On m’a dit que c’était acceptable de publier un bilan de l’année écoulée jusqu’à fin janvier… Donc, on va faire comme si c’était toujours valable en février, d’accord? Voici le bilan 2020 du blog! J’ai décidé de me livrer à l’exercice en remplacement de l’article anniversaire que je n’ai pas écrit en août. Ce sera aussi l’occasion de mettre en lumière quelques lectures que je n’ai pas chroniquées.

2020, une année en demi-teinte

On ne va pas se mentir, 2020 a été pauvre en chroniques. La faute à des pannes de lecture à répétition, une longue série de livres qui ne m’ont pas laissé un souvenir impérissable et sur lesquels je n’avais pas grand-chose à dire, un deuxième semestre très chargé professionnellement, et l’arrivée dans mon foyer de la Nintendo Switch (j’avoue).

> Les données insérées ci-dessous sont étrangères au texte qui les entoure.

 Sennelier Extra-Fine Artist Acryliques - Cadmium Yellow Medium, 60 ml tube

D’un autre côté, le blog a été bien plus fréquenté en 2020 qu’en 2019. Avec près de 17’000 utilisateurs et 30’000 pages vues, le trafic a presque quintuplé en un an! Un effet du confinement? C’est possible. J’espère aussi y voir les retombées du travail accompli sur le SEO, aspect que j’avais totalement négligé au début du blog. Entre ces efforts et le fait que le blog a atteint ses quatre ans, un âge déjà respectable, Google a maintenant certaines de mes pages à la bonne! Il s’agit d’ailleurs toujours du même tiercé:

  • Ma liste de blogs littéraires à suivre, qui commence pourtant à dater
  • Mon avis sur la box littéraire Kube;
  • Mon article sur l’attachement aux personnages fictifs et les études réalisées sur le sujet en psychologie.

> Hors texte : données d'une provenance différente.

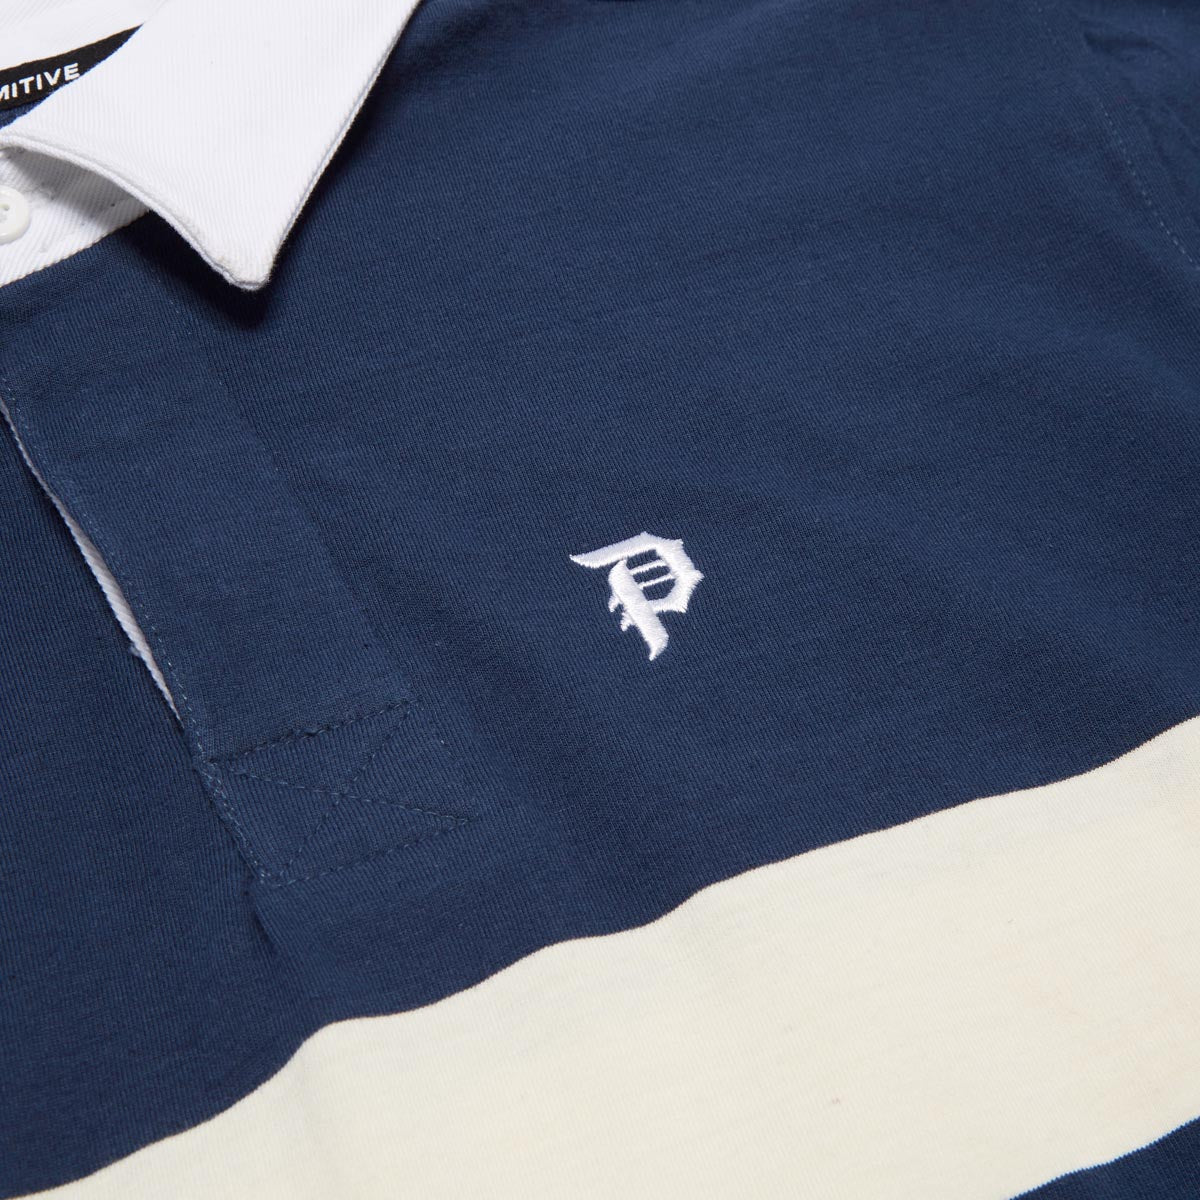 Primitive Dirty P Polo Long Sleeve Shirt - Navy image 2

Tous ces constats se lient pour dessiner ce qui pourrait être une évolution naturelle du blog à l’avenir: moins d’articles, mais plus fouillés et davantage axés sur des thématiques en lien avec la lecture que sur des livres en particulier. Les chroniques resteront toujours présentes, mais seront de plus en plus dédiées seulement à des livres marquants ou qui m’inspirent une analyse que j’ai envie de transmettre.

Tasse et livres
© Elia Jardim – Unsplash

 

Côté lectures

Justement, quelles sont les lectures qui ont marqué 2020 en dehors de celles qui ont déjà eu droit à un avis détaillé? Petit florilège!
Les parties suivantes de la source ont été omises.